Let me take you back to 1986 and a football ambivalent 11-year-old is watching the news. “And now the sport”... Images flash up of USSR knocking six past Hungary and the Danes (what a kit!) doing likewise to Uruguay. An 11-year-old’s world is turned upside down and he is instantly hooked.

So some weeks go by, some more matches are played and eventually the object of my desire is held aloft in the Azteca. Only, it wasn’t yet an object of desire: the obsession had not yet taken hold. Yes, I had fallen in love with the trophy, a love affair that continues undiminished til this day, but the seed for my infatuation had only just been planted. The obsession began as that trophy, the one that had sat in the display case of Barnby’s window for years, the one I had dismissed as ugly and ‘not a proper cup’ while admiring the European Cup for its undeniable cupliness, the one I would now cherish after purchasing it from said shop the first Saturday after the tournament had finished, became that trophy that was NO LONGER AVAILABLE!!! Apparently, in their wisdom, the makers of Subbuteo had decided - in a World Cup year - that they would no longer produce the World Cup Trophy. Let me just repeat that: no longer produce a World Cup trophy in a World Cup Year. I know!

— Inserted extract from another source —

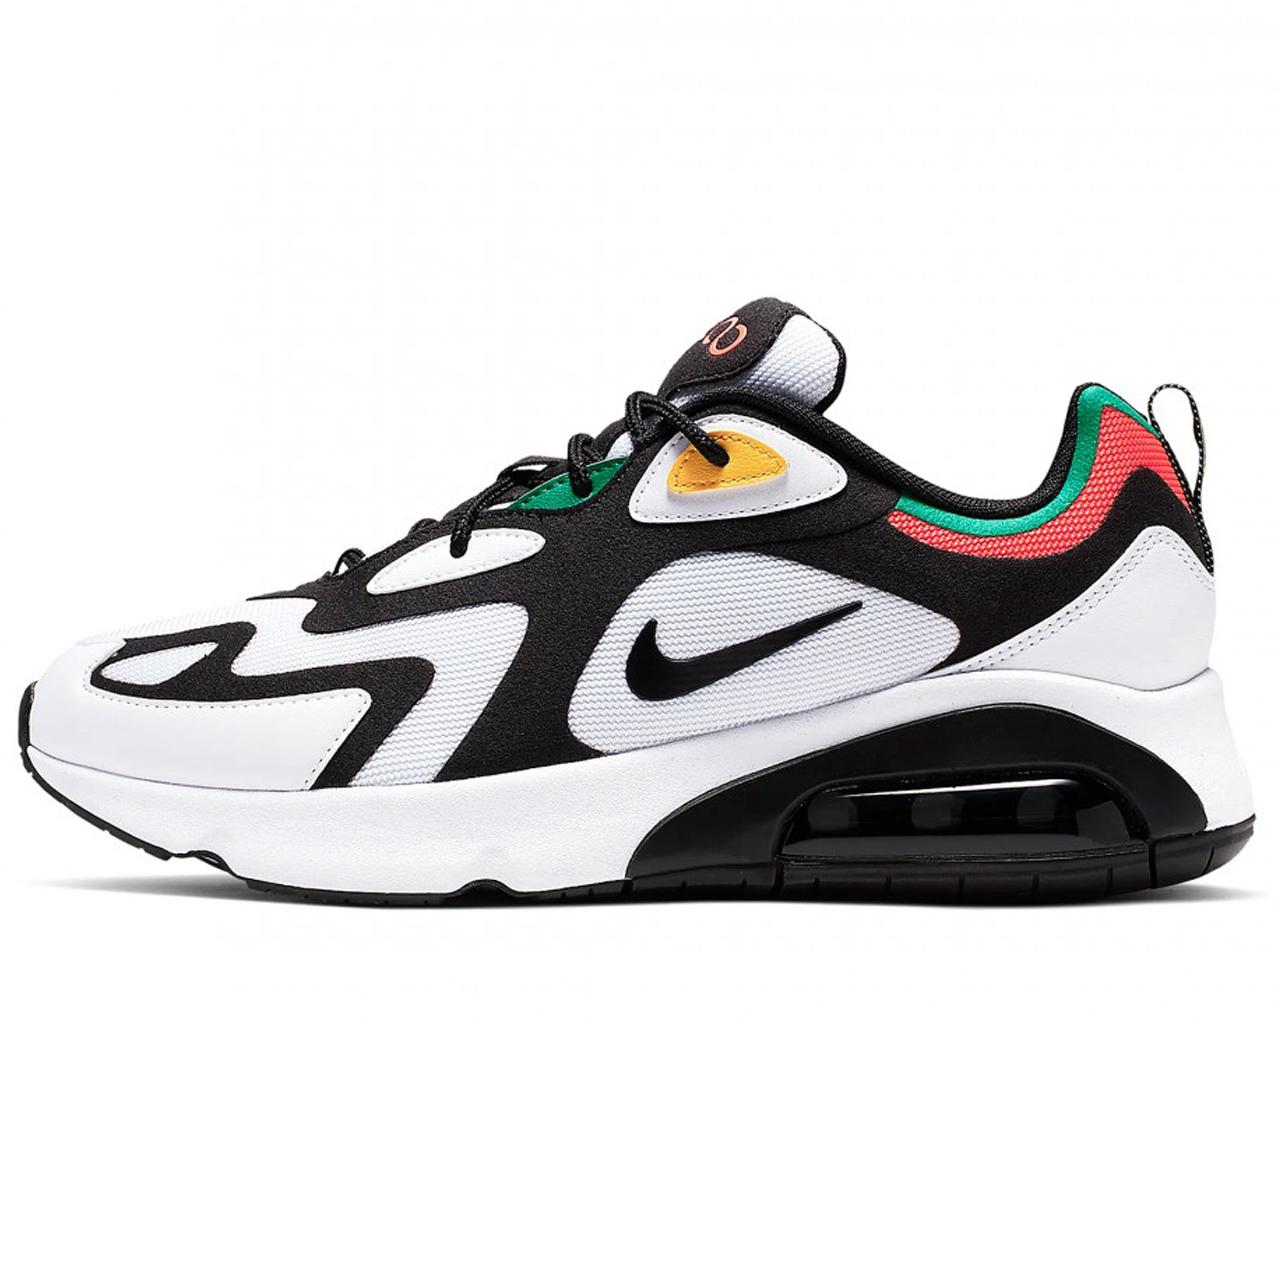 کفش مخصوص دویدن زنانه نایکی مدل Air max

And so began the obsession: the decline into insanity that saw me, every Saturday, trudging up to that same toy shop, past the toy guns, past the Airfix models and straight to the back where all the flick-to-kick paraphernalia was kept, but no - it was not to be.

I’m not sure if you remember, but there used to be a world with no internet. No Google, no eBay... no blogs about football tat. Hard to recall isn’t it? Well, now imagine trying to track down a discontinued toy that was only ever produced for a few years and that no-one really seemed to care about. Not even the Yellow Pages could help Oh yeah, help the narcissistic fly fishing author, but not an 11-year-old with a perfectly healthy fixation on a small piece of shiny plastic! 'Not just there for the bad things in life'? LIES!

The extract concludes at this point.